Night terrors as I reflect my life in this mirror;
An addict still a child, a child of an addict;
This 23 year old woman hurting to stay strong;
In a world where I sometimes feel as though I don’t belong;
The beatings the scars, why does life have to be so hard;
Molested at ages, 4, 7 and nine;
Take this tape out and don’t ever press rewind;
If you were never born he said,… then me and your moms would get along;
Why cant you just leave me alone,.. stop hurting my emotions and treated me so wrong;
Emotions, emotions,… they ran so deep;
From the hole in my heart to the cracks in my feet;
That night with a prayer,… I cried my self to sleep;
Thinking this is my last prayer and then I’ll call it defeat;
She finally let him go though as yall should know;
But why should it had to take that much pain from a child to show;
Because she was an addict; an addict of abuse;
And the man that she loved,… was a victim of drug use!
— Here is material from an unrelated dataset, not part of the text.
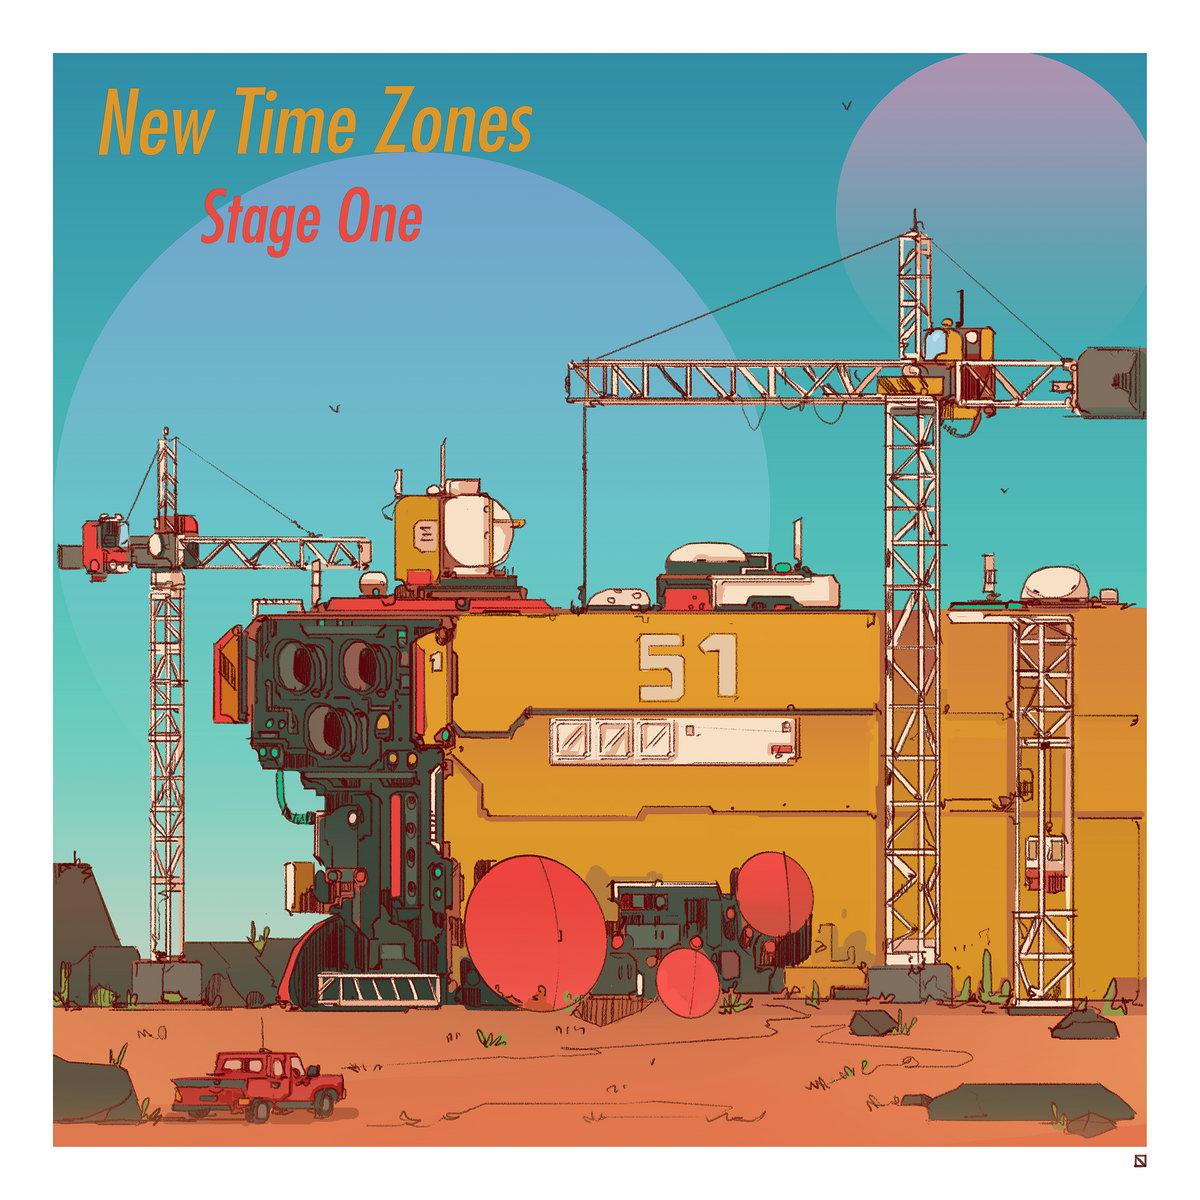 New Time Zones
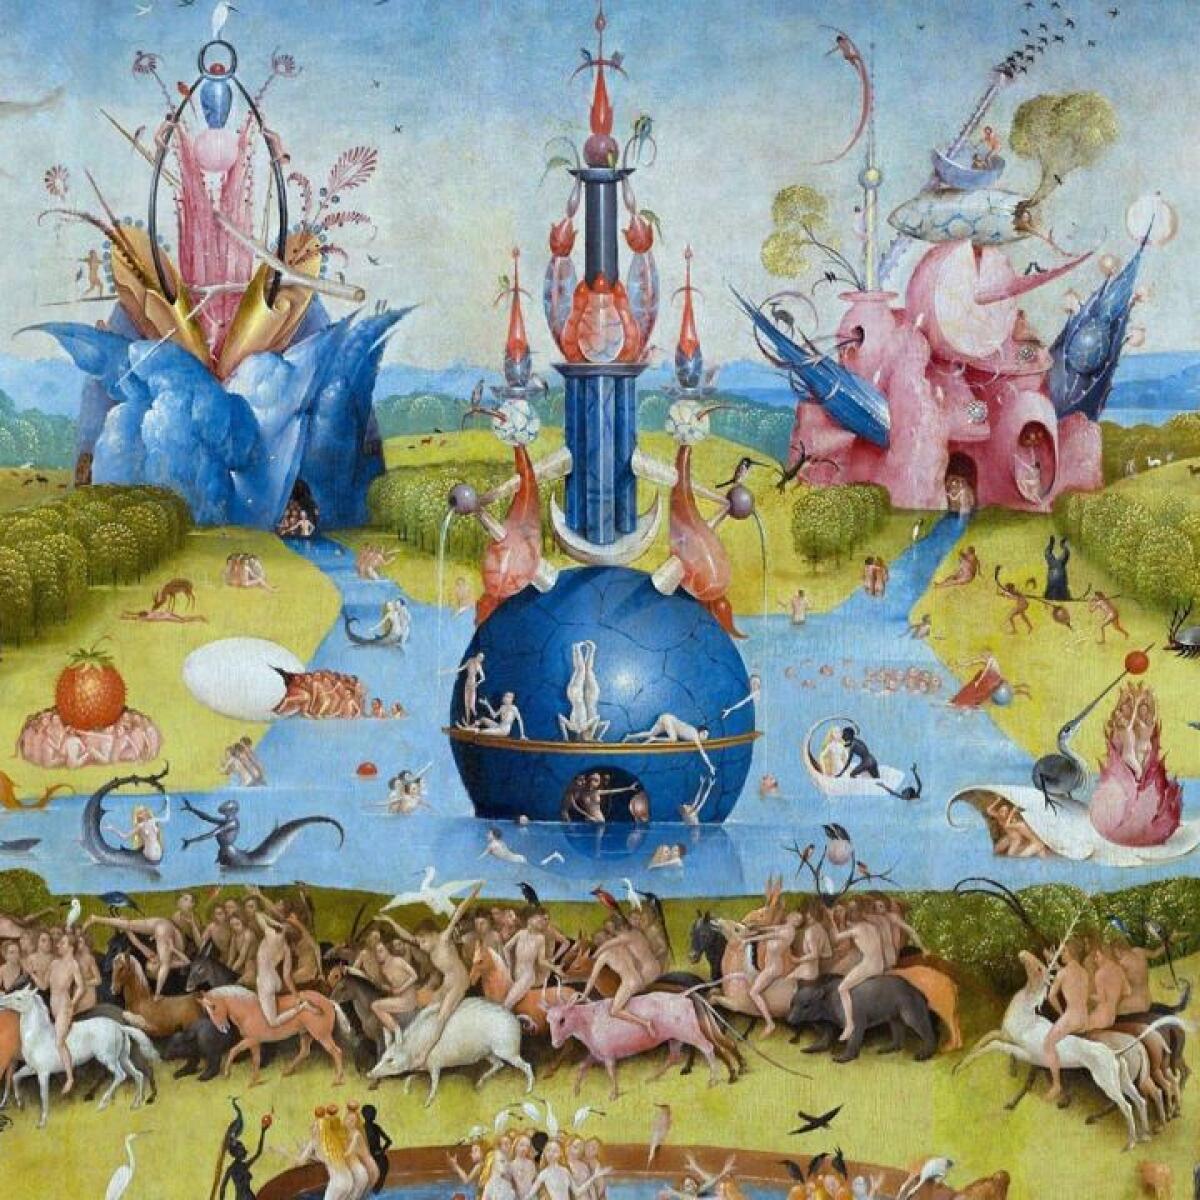 2e7c7a82f1e Hieronymus Bosch s  The Garden of Earthly Delights

Night terrors, as I reflect my life in this mirror;
This tell doesn’t get any clearer so use my life as your mirror;
So many nights of abuse, constant tricking and getting used;
Long days of pain,.. soon became the life of drug use;
Prescript meds,.. but its still a drug;
Popped two by the hour like I was making love;
Scream he said,… and I’ll kill you ;
Next thing you know,.. I was on that cold bench;
3men, one night, my birthday to be exact;
Thought it was my fault,… but it was there attack;
They left me in the park, on that just to bleed;
Like I was just some animal,.. boy was that mean;
They took me in and out for what felt like eternity;
and what’s even graver,.. is because I forgive them for hurting me;
how could people be so cruel; so rude, you aint know me or what I’d been through;
all you know,.. is you knew was that you and your crew found something fun to do;
my built self-esteem you took from me;
but im still living right,.. so I’ll let it be!